** COLLECTED DATA follows **
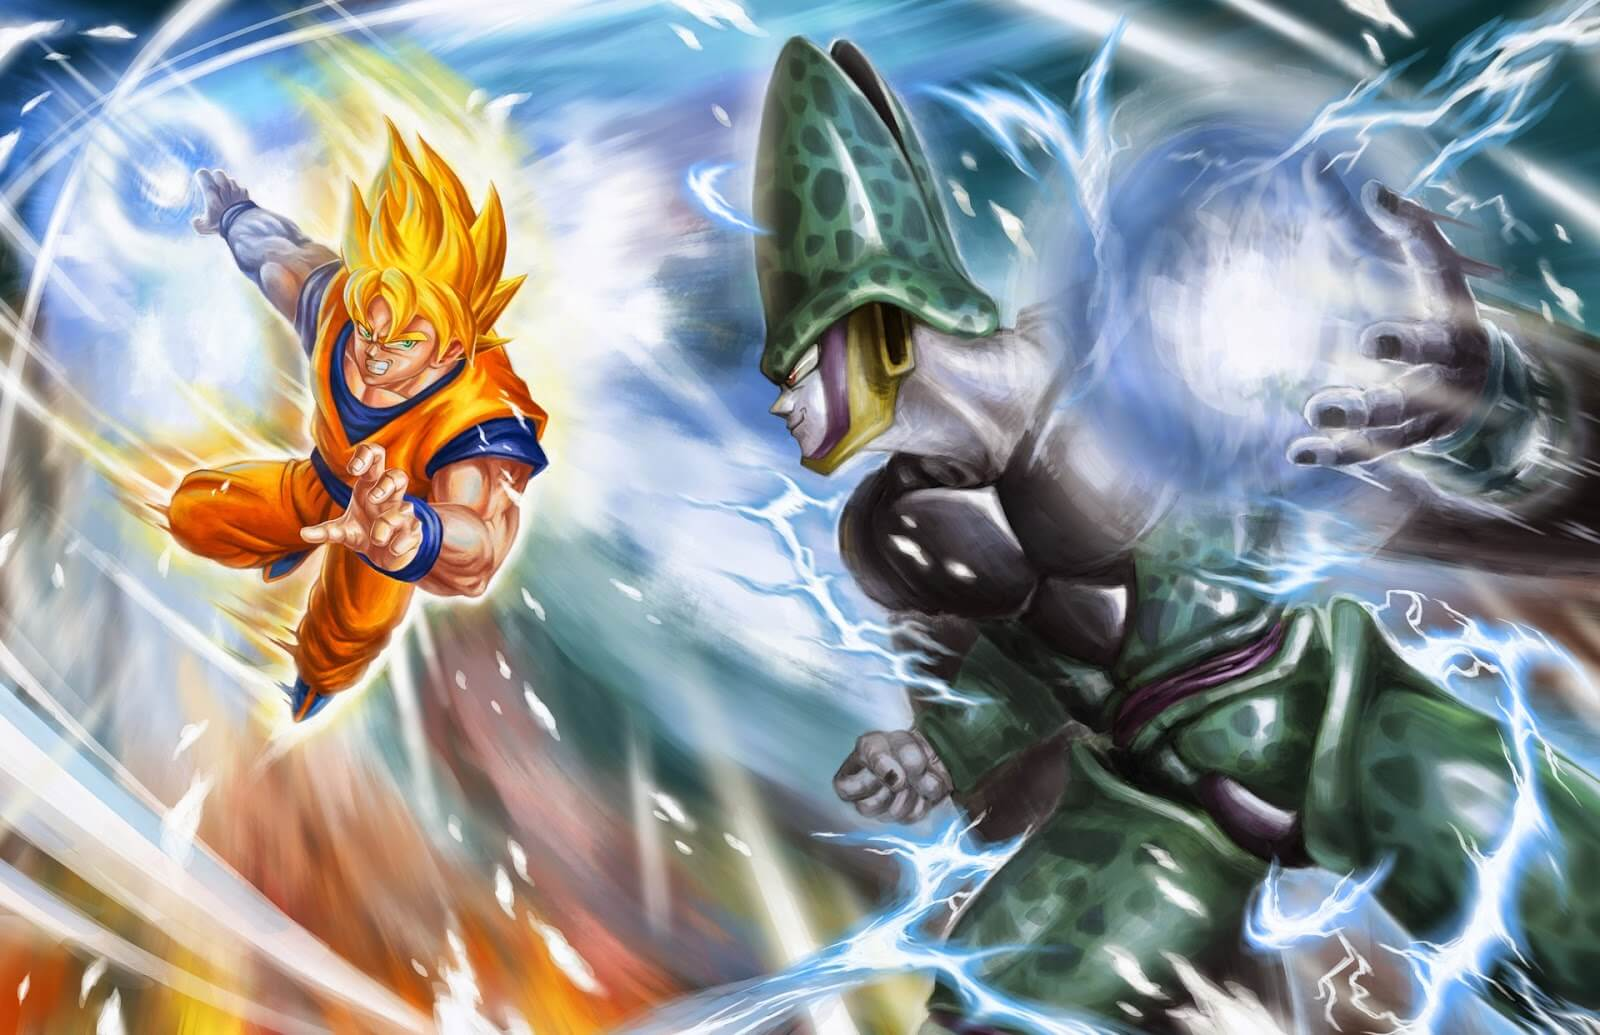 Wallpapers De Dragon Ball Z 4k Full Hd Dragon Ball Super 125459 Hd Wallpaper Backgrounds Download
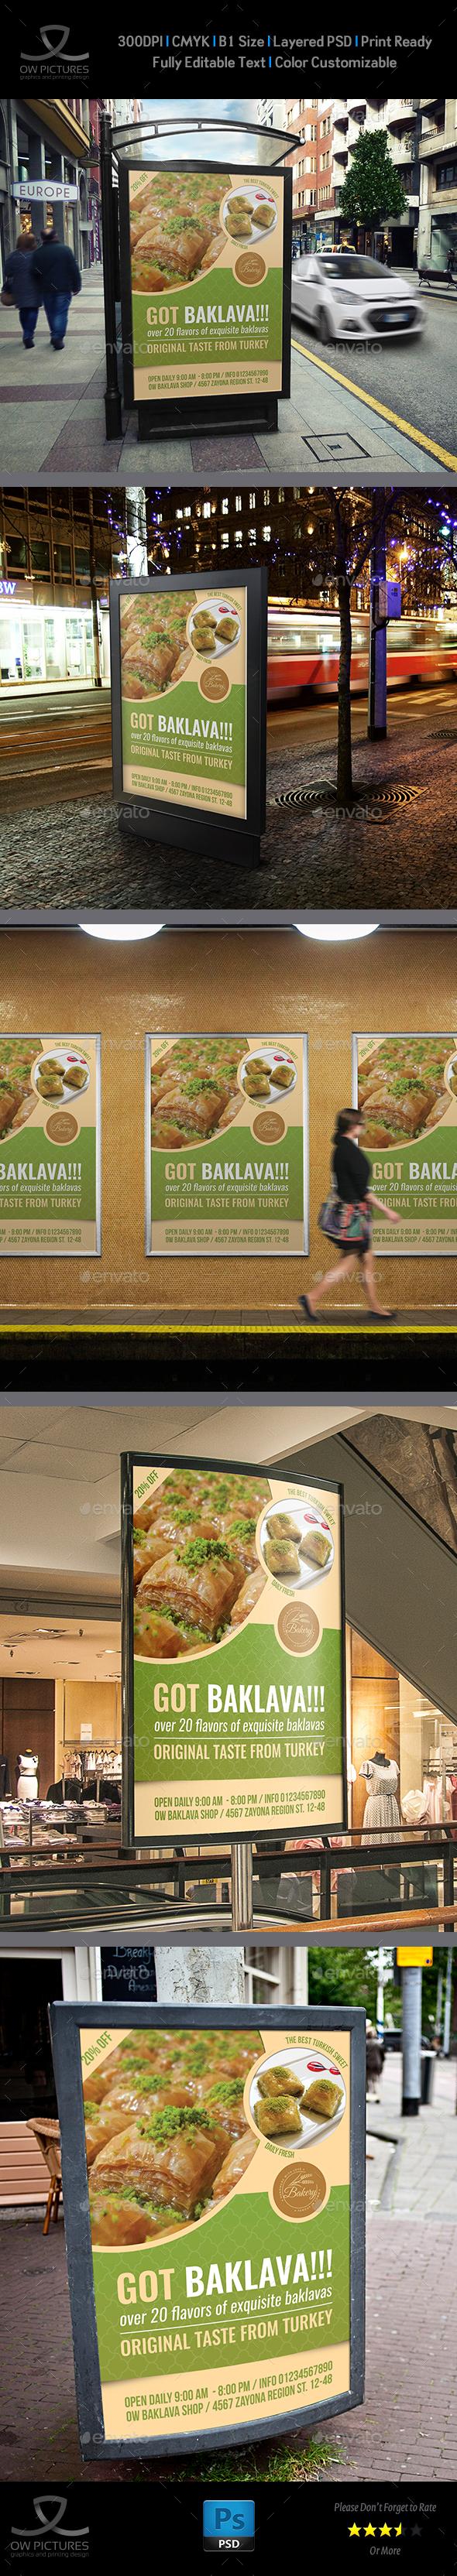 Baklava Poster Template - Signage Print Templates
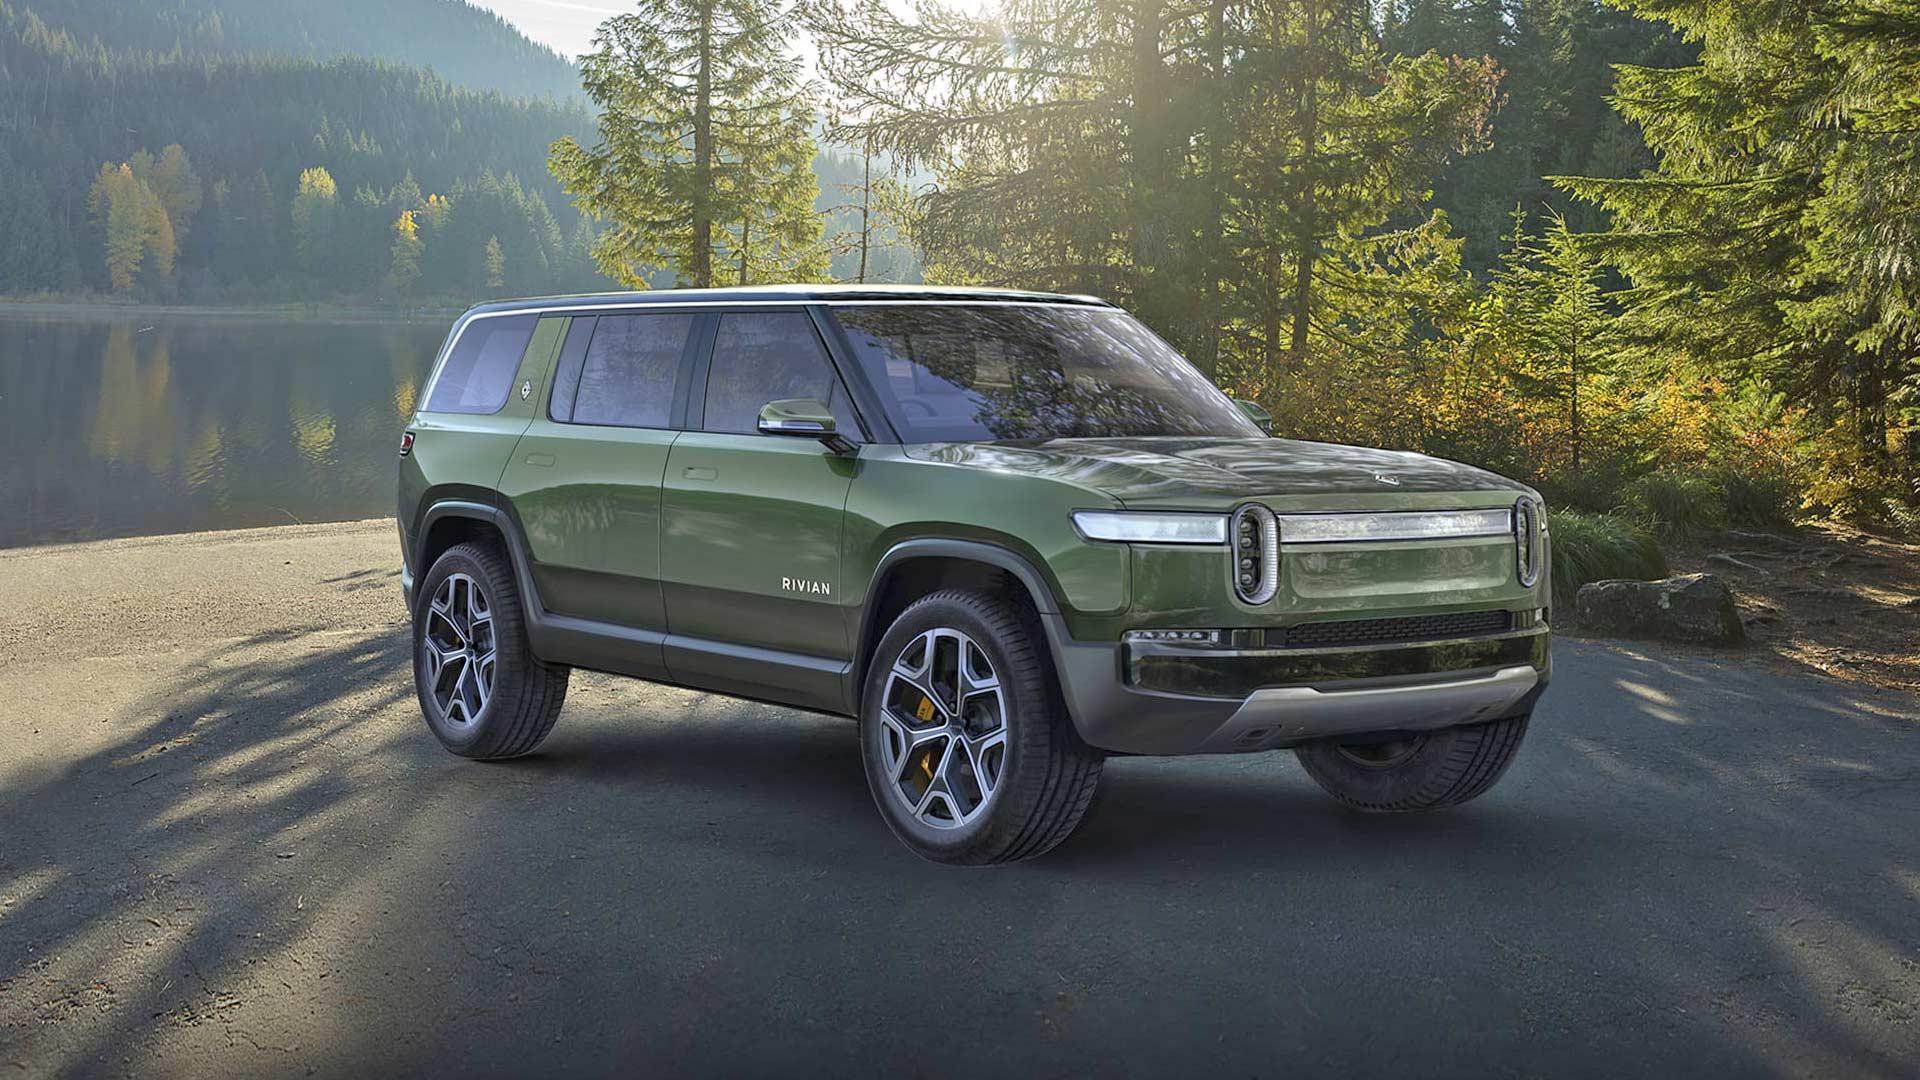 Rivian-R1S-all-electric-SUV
** End of COLLECTED DATA **
Inclusive range, exact copy: the line containing "Baklava Poster Template" through the last line of the listing. Print nothing else, and no pictures.

 Baklava Poster Template - Signage Print Templates
 Rivian-R1S-all-electric-SUV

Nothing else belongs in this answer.